Des perquisitions ont été menées dimanche aux domiciles de quatre hébergeurs de migrants à Saint-Gilles, Watermael-Boitsfort et Nandrin. Parmi eux, deux femmes ont été interpellées, présentées à un juge d’instruction et relâchées, indiquait en fin de journée la Plateforme citoyenne de soutien aux réfugiés. Quinze migrants ont été arrêtés et deux d’entre eux ont été remis en liberté.

La Plateforme citoyenne a dénoncé des actions qui s’apparentent, selon elle, à des visites domiciliaires déguisées visant à criminaliser la solidarité.
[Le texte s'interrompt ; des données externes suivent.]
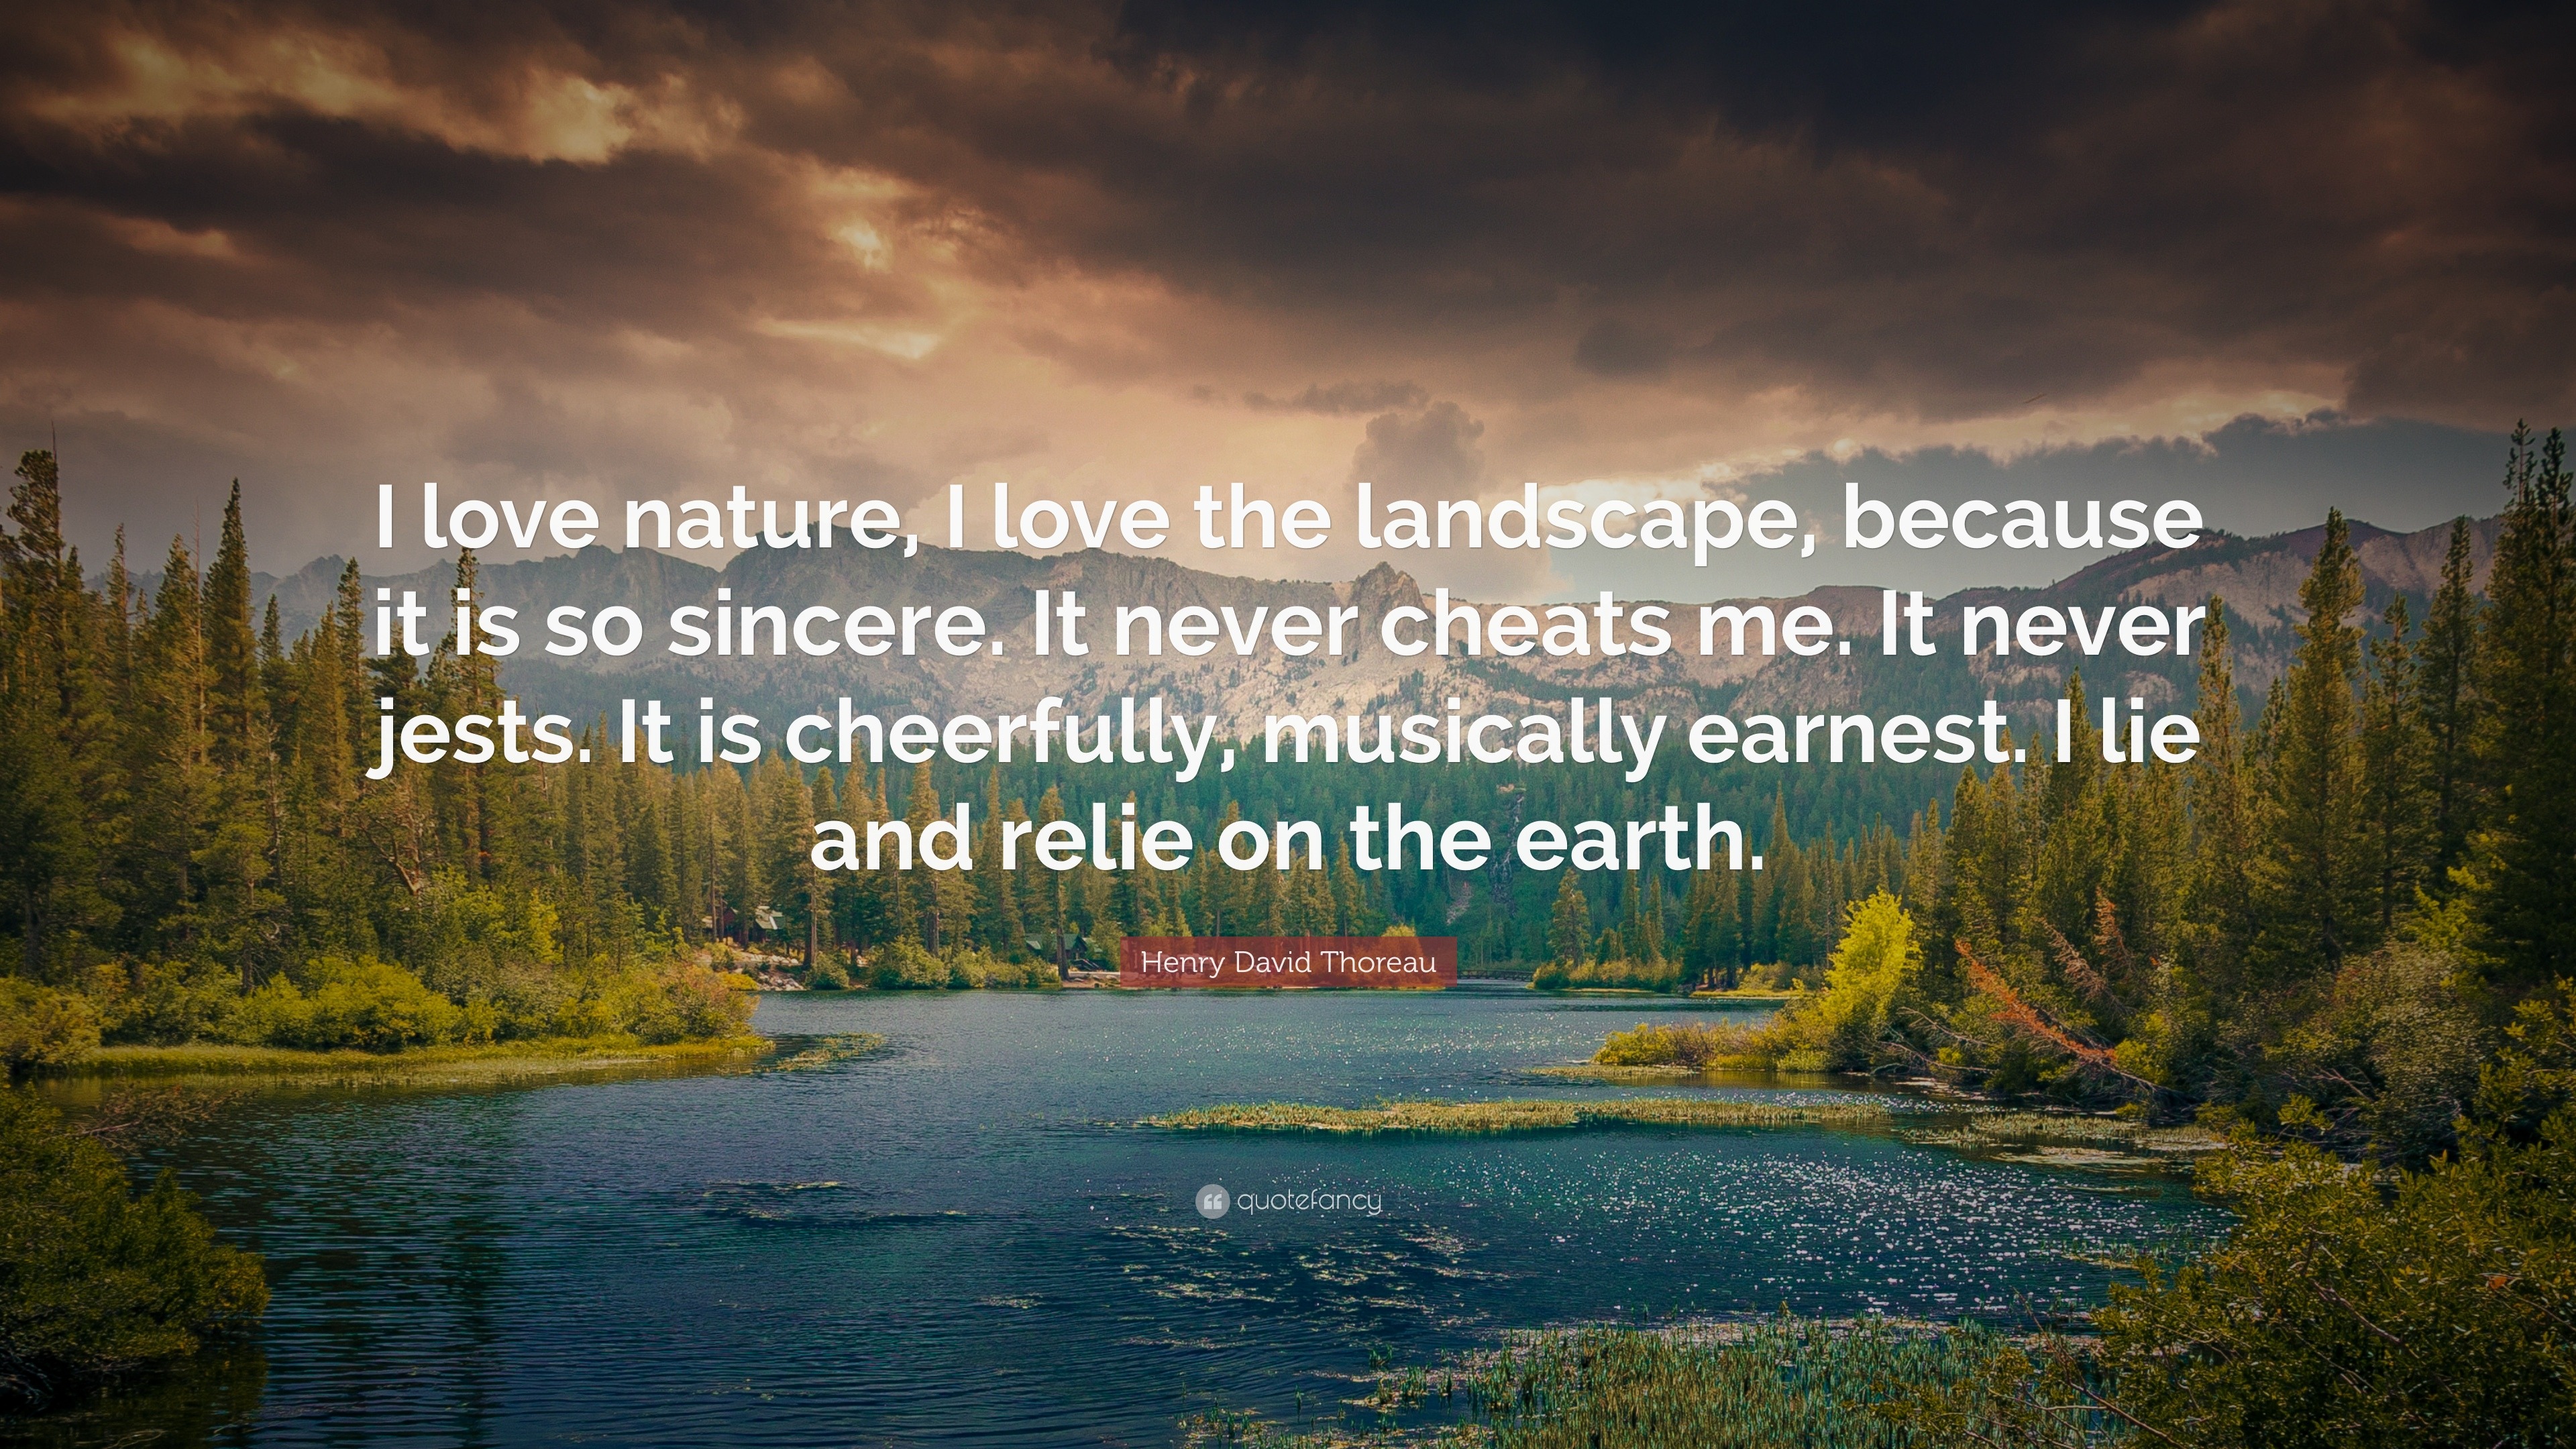 Henry David Thoreau Quote: “I love nature, I love the landscape, because it is so sincere. never cheats me. It never jests. It is cheerfully, mus...”

« Des ménages belges ont été ciblés comme s’ils étaient devenus les repères de narcotrafiquants. Portes et serrures forcées, plaquages au sol, mandats d’amener, citoyens menottés. Si la lutte contre le trafic d’êtres humains est indéniablement nécessaire, nous ne comprenons pas que des hébergeurs puissent de la sorte être traités comme des criminels pour avoir été solidaires envers un public plus souvent victime de traite d’êtres humains que coupable de trafic d’êtres humains », indique Mehdi Kassou, qui précise que les mandats auraient été obtenus sur base de numéros de téléphone qui auraient été donnés par les hébergeurs à leurs hébergés.

« Il semble donc que le parquet ait trouvé une parade au projet de loi dit des visites domiciliaires et qu’aujourd’hui, toute famille belge qui aura fourni à son invité une carte SIM afin qu’il puisse rester en contact avec son hôte ou sa famille et les contacter en cas de danger puisse devenir la cible potentielle d’une opération de police traumatisante. Deux hébergeuses ont été privées de liberté, mais nous ne savons, pour l’heure, toujours pas ce qui leur est reproché », conclut-il.

Alexis Deswaef
Alexis Deswaef© VIRGINIE LEFOUR/belgaimage

Selon Me Alexis Deswaef, avocat de deux hébergeurs interpellés dimanche dans le cadre d’une enquête sur le trafic d’êtres humains, ces arrestations sont un dommage collatéral des mesures de lutte anti-terroristes et plus précisément de celle qui a supprimé l’anonymat des cartes SIM. « Sans documents d’identité, les sans-papiers ne peuvent en effet plus s’en procurer et se sont les hébergeurs qui les leur achètent à leur nom. Si la personne qu’ils hébergent téléphone par exemple à quelqu’un pour lui demander de l’aide pour passer au Royaume-Uni, et que l’individu appelé est placé sur écoute dans le cadre d’un dossier de trafic d’êtres humains, la police peut retrouver leur nom puisque ce sont eux qui ont acheté la carte SIM ».

Le parquet de Bruxelles a confirmé et justifié l’opération. « Sept personnes sont placées sous mandat d’arrêt. Le juge d’instruction estime qu’il y a assez d’éléments pour penser que ce sont des auteurs ou des co-auteurs de trafics d’êtres humains qui effectuent le passage des victimes de la Belgique vers l’Angleterre », a indiqué la porte-parole Ine Van Wymersch sur RTL-TVi.

La plateforme citoyenne envisage de lancer une action de solidarité par laquelle les hébergeurs se dénonceraient spontanément à la police. L’Ordre francophone des avocats, Avocats.be, a d’ores et déjà fait savoir qu’en vertu de la loi Salduz, ces personnes avaient droit à l’assistance d’un avocat si elles étaient convoquées pour une audition à la police et qu’il se tenait prêt à assurer celle-ci.

L’hiver passé, Avocats.be faisait partie des organisations qui combattaient le projet de loi relatif autorisant les « visites domiciliaires » chez des particuliers afin d’exécuter un ordre de quitter le territoire. L’examen du texte est depuis lors gelé.

« A une semaine des élections, on semble être en train de faire passer par la fenêtre ce qu’on fait sortir par la porte afin de donner un message de fermeté », a regretté Jean-Marie Picard, président de la commission « droit des étrangers » d’Avocats.be.